Is Entity Framework if the right framework for a large database app? If so, how can I manage the DbContext across multiple areas? If not, what would be the alternative to use without having to write plain SQL queries?
EF is perfectly fine for large databases. When mapping a large number of tables and relationships there is a single-time startup cost for the very first query as EF initializes and validates its mapping, but this is a static cost for an application, not each time a DbContext is initialized.
You can split the application across several DbContexts to help make organizing entities more logical and reduce those initial setup costs. This is generally referred to as using Bounded Contexts if you want to search up examples. These typically organize your application down to aggregate roots or top-level entities with everything else falling under those aggregates or serving as lookups, etc. Entities can be registered with multiple DbContexts, though you should aim to ensure that one aggregate root is nominated for being responsible for editing and creating a given entity.
The most important details to consider with EF and areas of performance and avoiding unwanted/unexpected behaviour would be to ensure you generally don't load more data than you need through the entities, more often than you need to.
Some general advice would include:
Absolutely AVOID the temptation to use the Generic Repository pattern with EF. Non-generic Repositories are great to facilitate unit testing or centralize important, common rules/validation, but Generic flavours lead to inefficient and expensive, or overly complex code, usually both.
Keep DbContext lifetimes as short as possible. For Web applications this should be kept no longer than the Request length (when using an IoC container for instance) or shorter. Worst case, use using blocks to scope your DbContext. The longer a DbContext is kept alive, the more entities it tracks, and the more it tracks, the more it needs to sift through looking for references when loading other entities that might have navigation properties and the slower it gets. Long-lived DbContexts can also get "poisoned" when you have an issue attempting to save entity changes. Those invalid entities will remain tracked by the DbContext and interfere with future unrelated SaveChanges calls until they are removed (Detached) or corrected.

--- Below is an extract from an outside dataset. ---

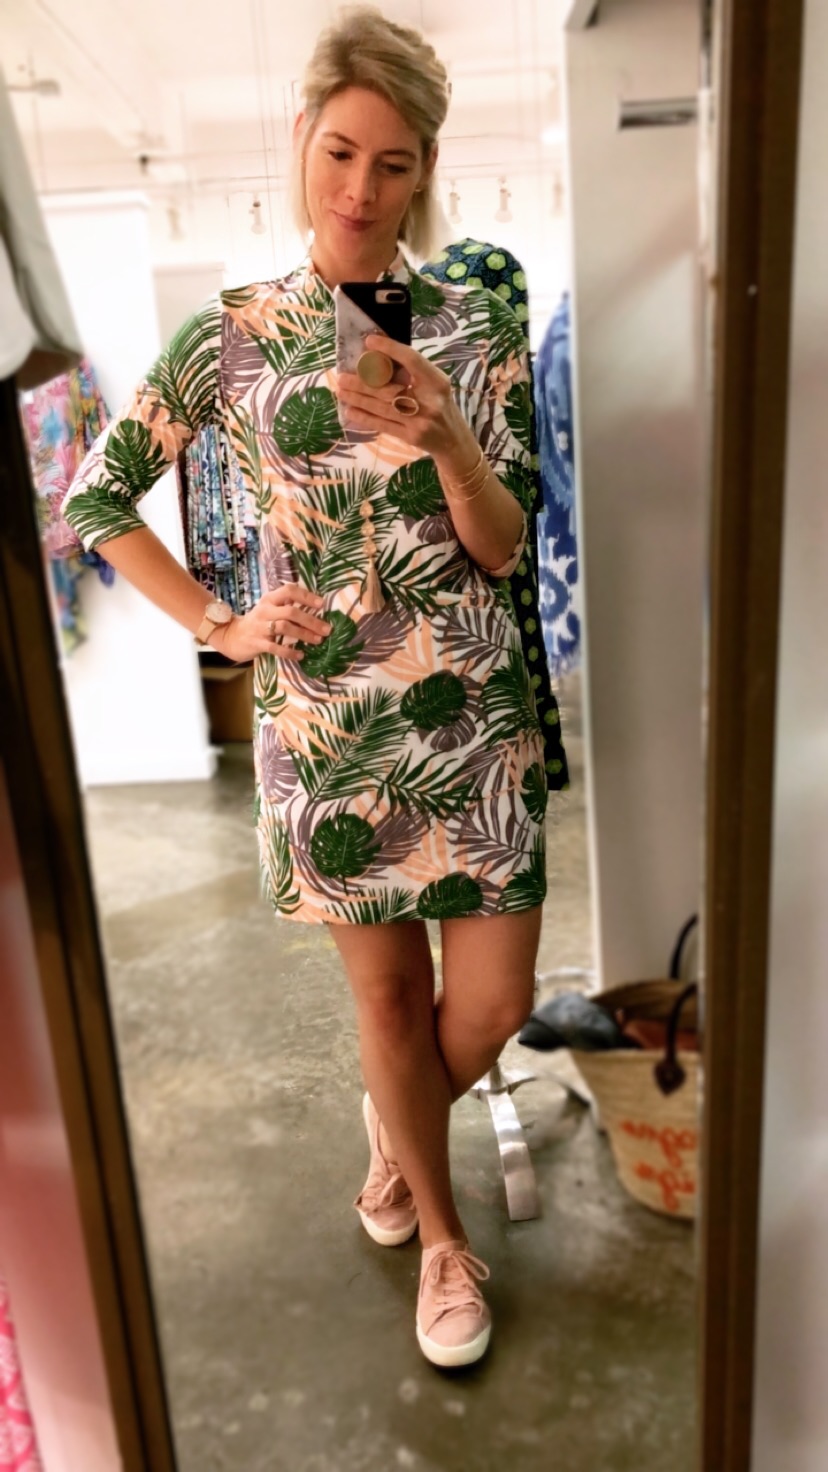 Doral Dress in Hideaway Apricot Green from The Katherine Way Resort 2018/2019 January Collection worn by Fashion Blogger Stephanie Mack of The Borrowed Babes Fashion Blog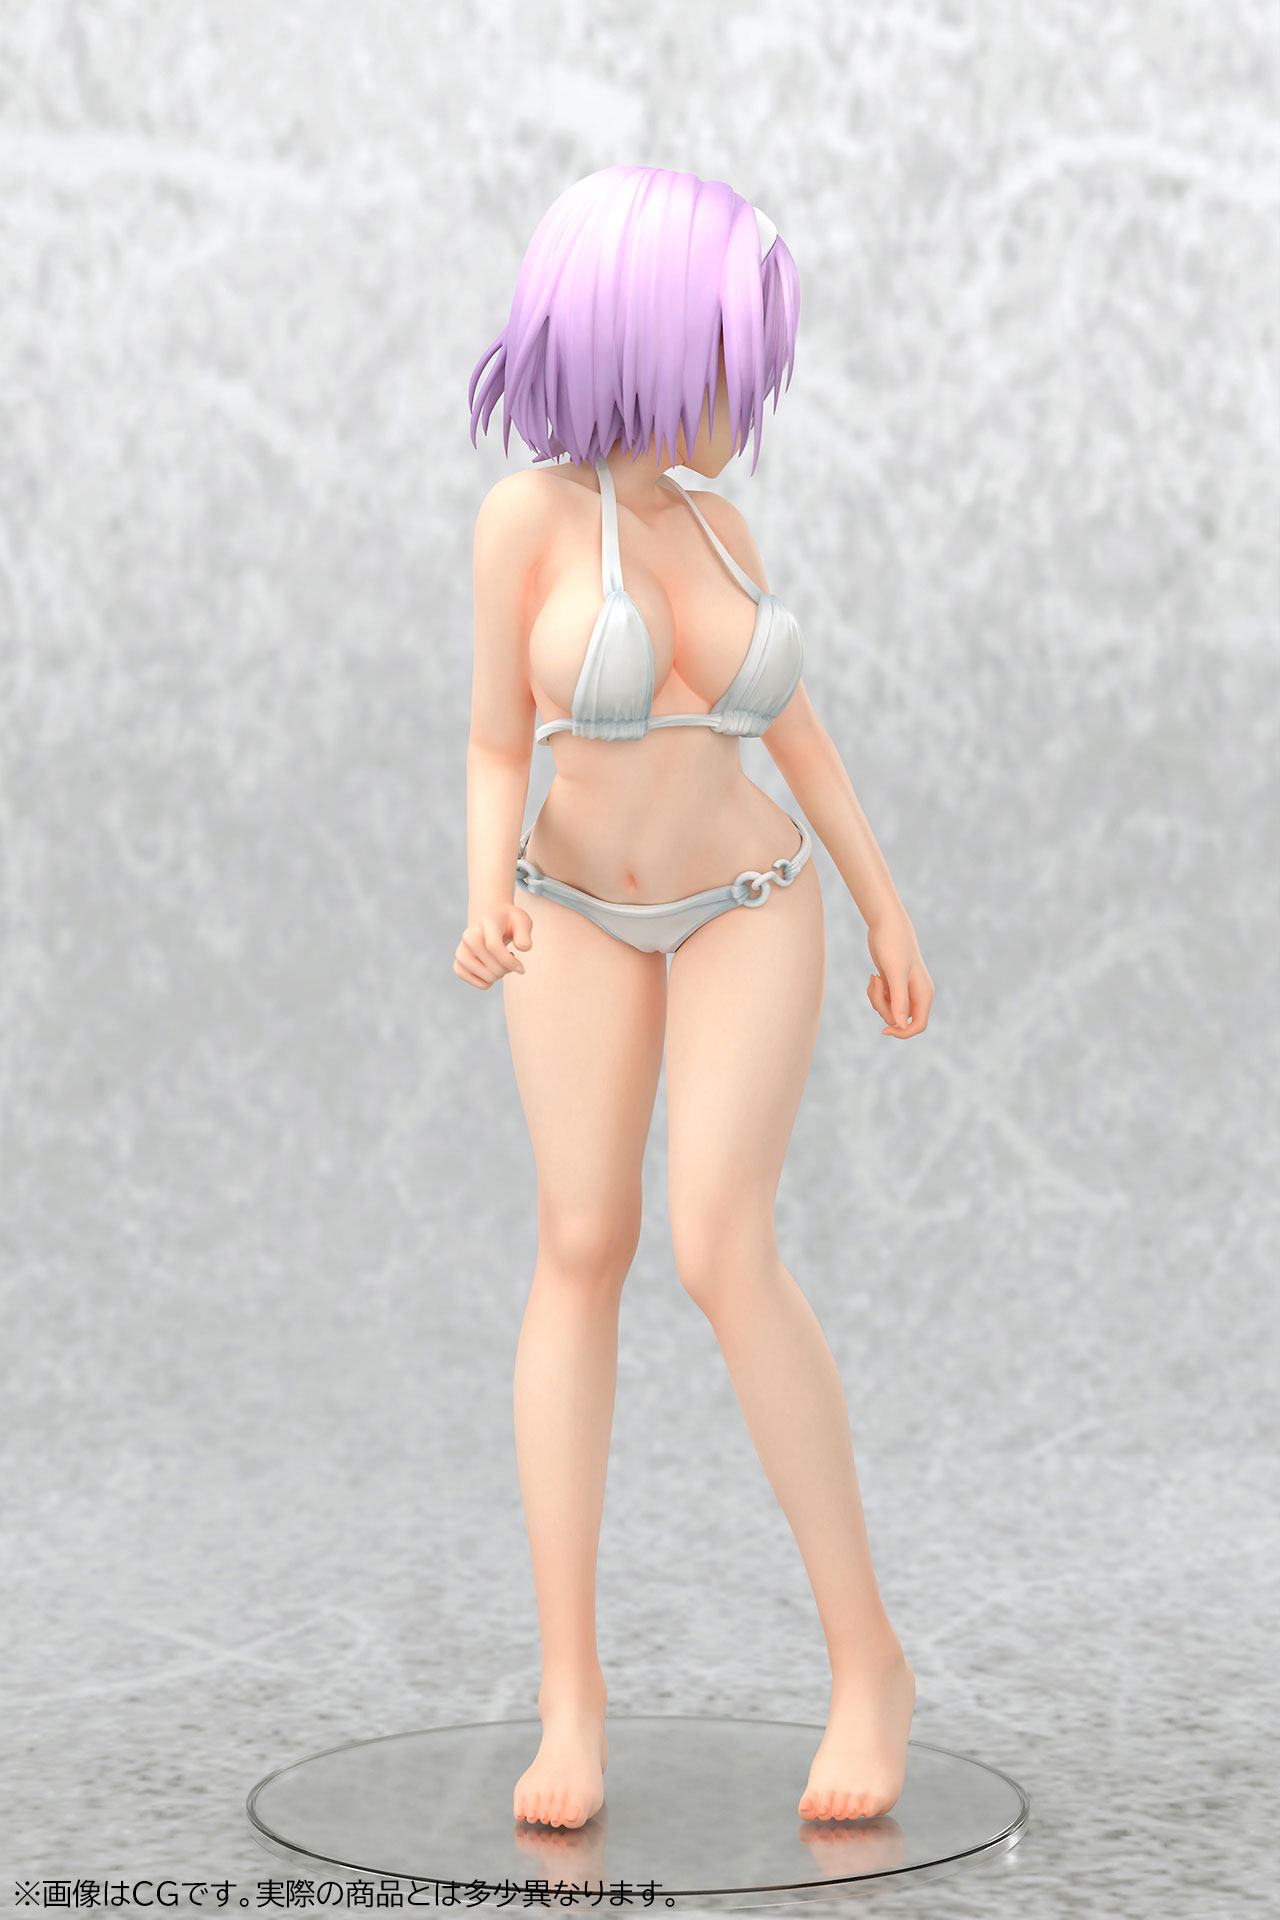 Swimmsuit Girl Collection

Gain an understanding of Projection using Select or AutoMapper's ProjectTo method. Loading entire entity graphs will get expensive, especially if the DbContext is left to track all of those instances. Projection down to ViewModels/DTOs help ensure that only as much data is needed is ever loaded and transmitted and makes it crystal clear what is being passed around. (As opposed to passing detached entities, or worse, partially filled detached entities)
Understand IQueryable and everything that Linq can bring to working with the data. EF query building is extremely valuable, so you can leverage sorting, filtering, pagination, projection, as well as scenarios to get Counts and check existence (.Any()) all without fetching a ton of data via Entities. See point #1 to avoid falling into this trap.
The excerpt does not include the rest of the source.